### Task to complete:
The reply must repeat each entry exactly and contain no pictures.

Material provided START

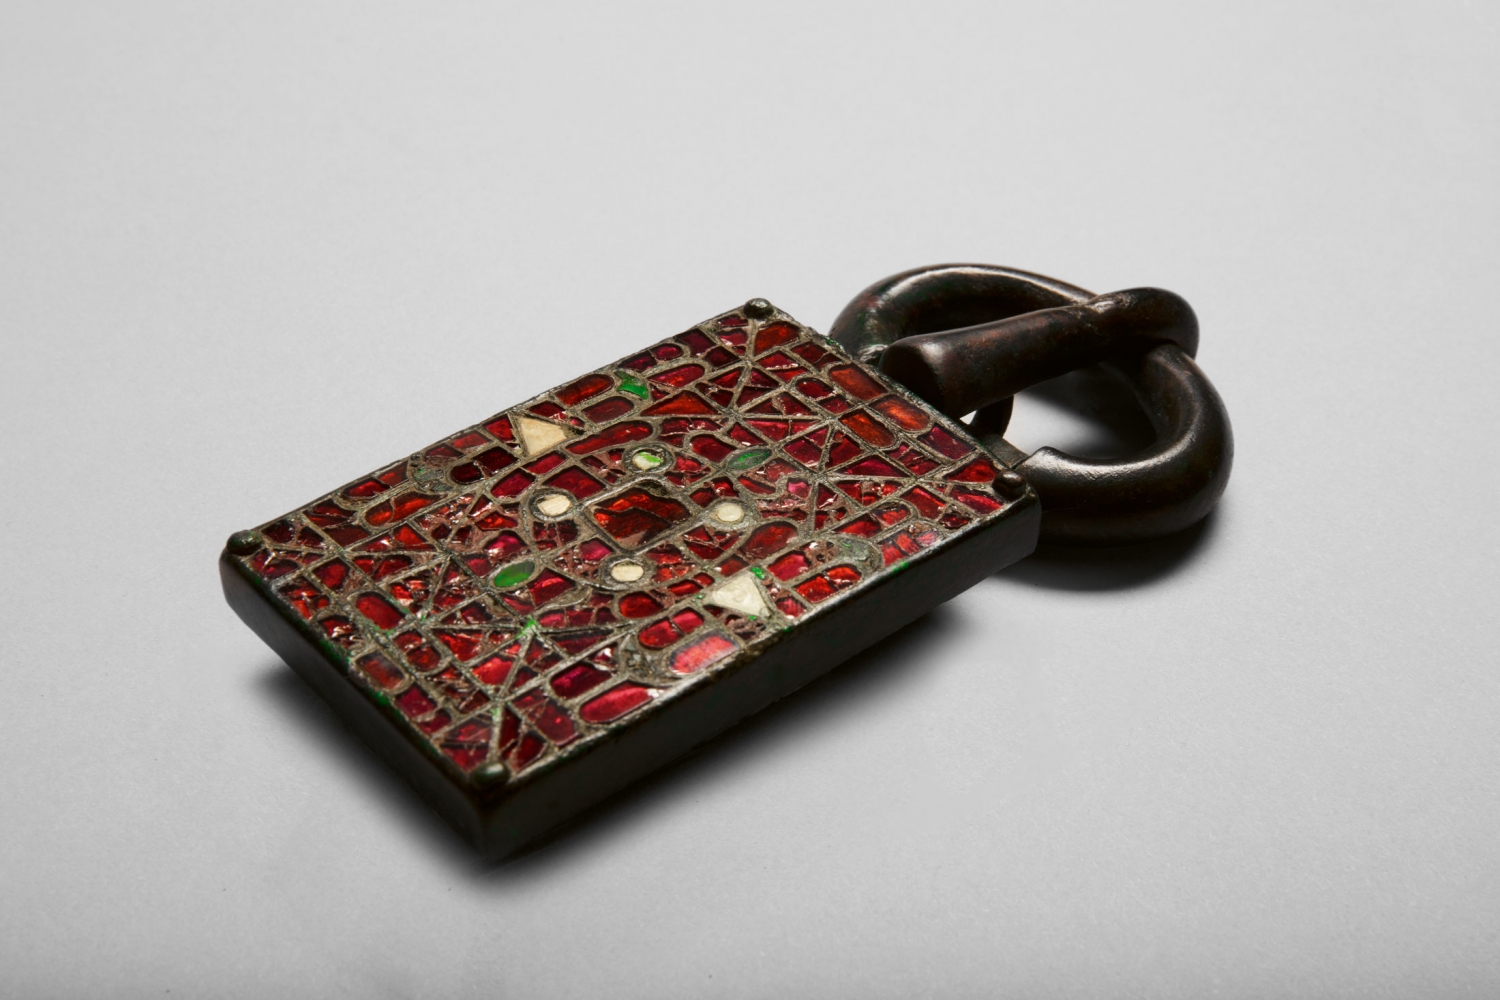 A belt buckle inlaid with garnet and glass, c. 540- 560
Visigothic Spain
Copper alloy with garnets, glass and cuttlefish bone supported by gold foils
5 1/4 x 2 3/8 x 1 inches
(13.5 x 6.1 x 2.5 cm)
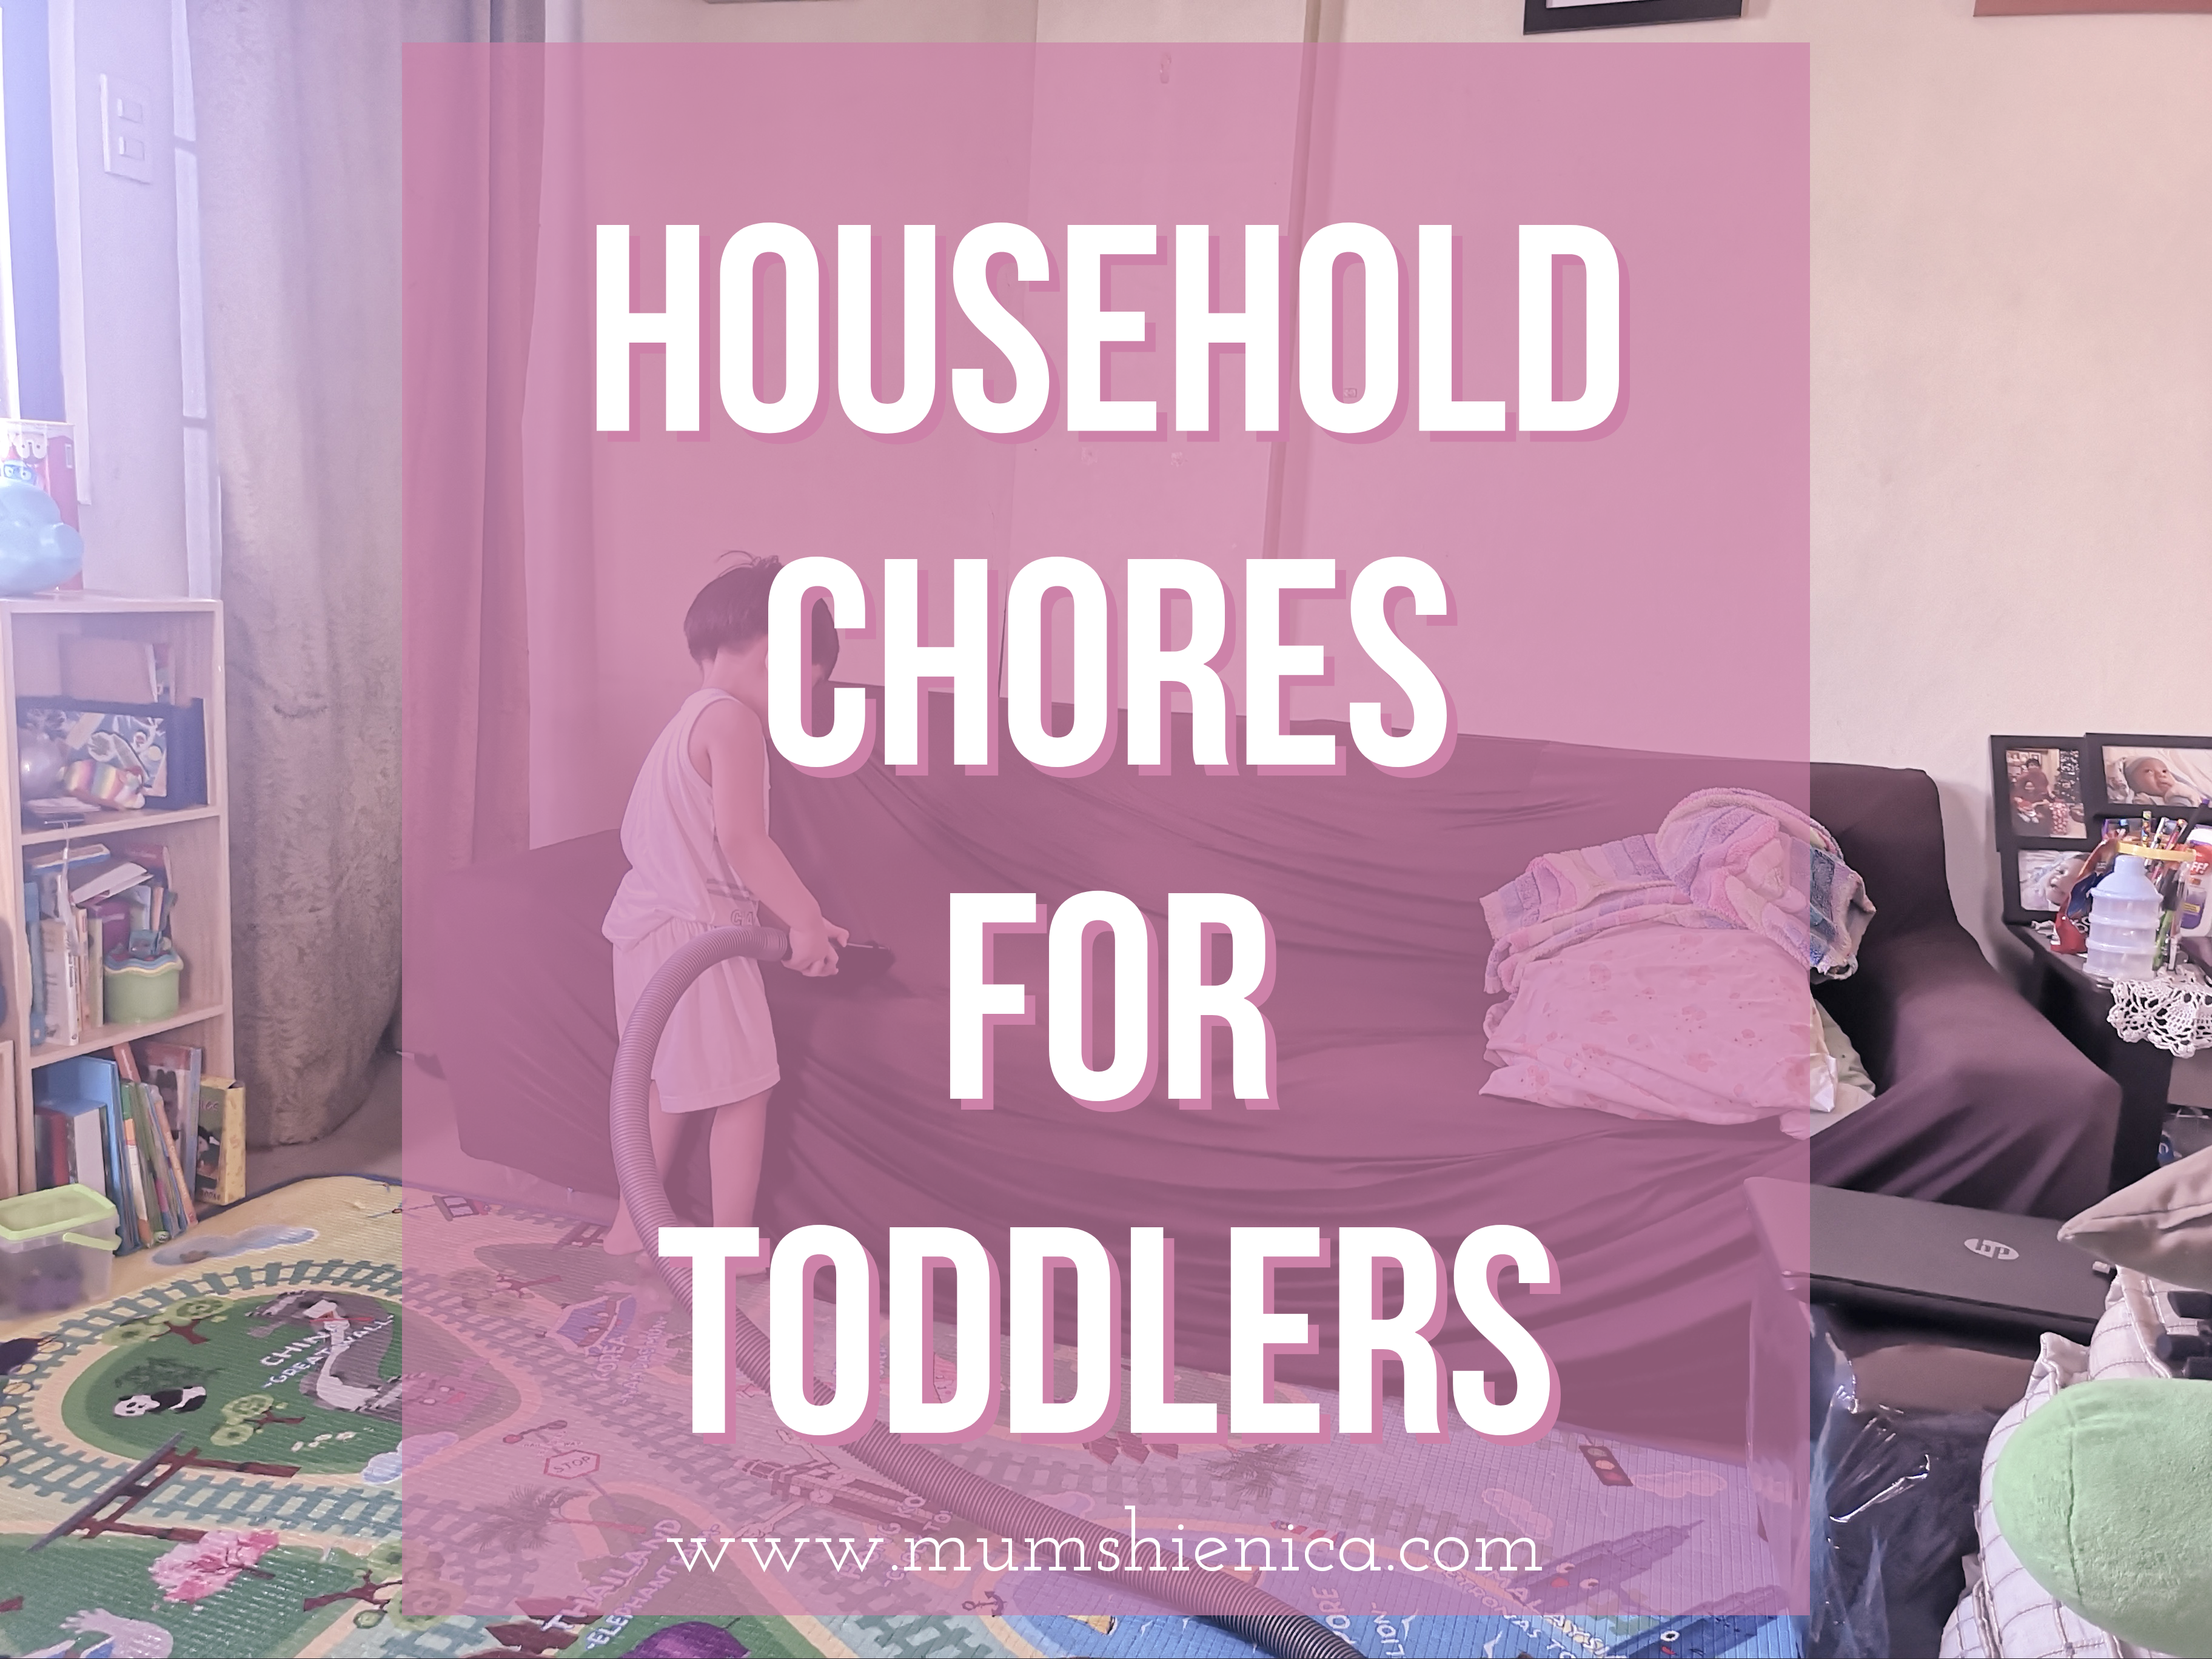 Household chores for toddlers

Material provided END

### Solution:
 A belt buckle inlaid with garnet and glass, c. 540- 560
Visigothic Spain
Copper alloy with garnets, glass and cuttlefish bone supported by gold foils
5 1/4 x 2 3/8 x 1 inches
(13.5 x 6.1 x 2.5 cm)
 Household chores for toddlers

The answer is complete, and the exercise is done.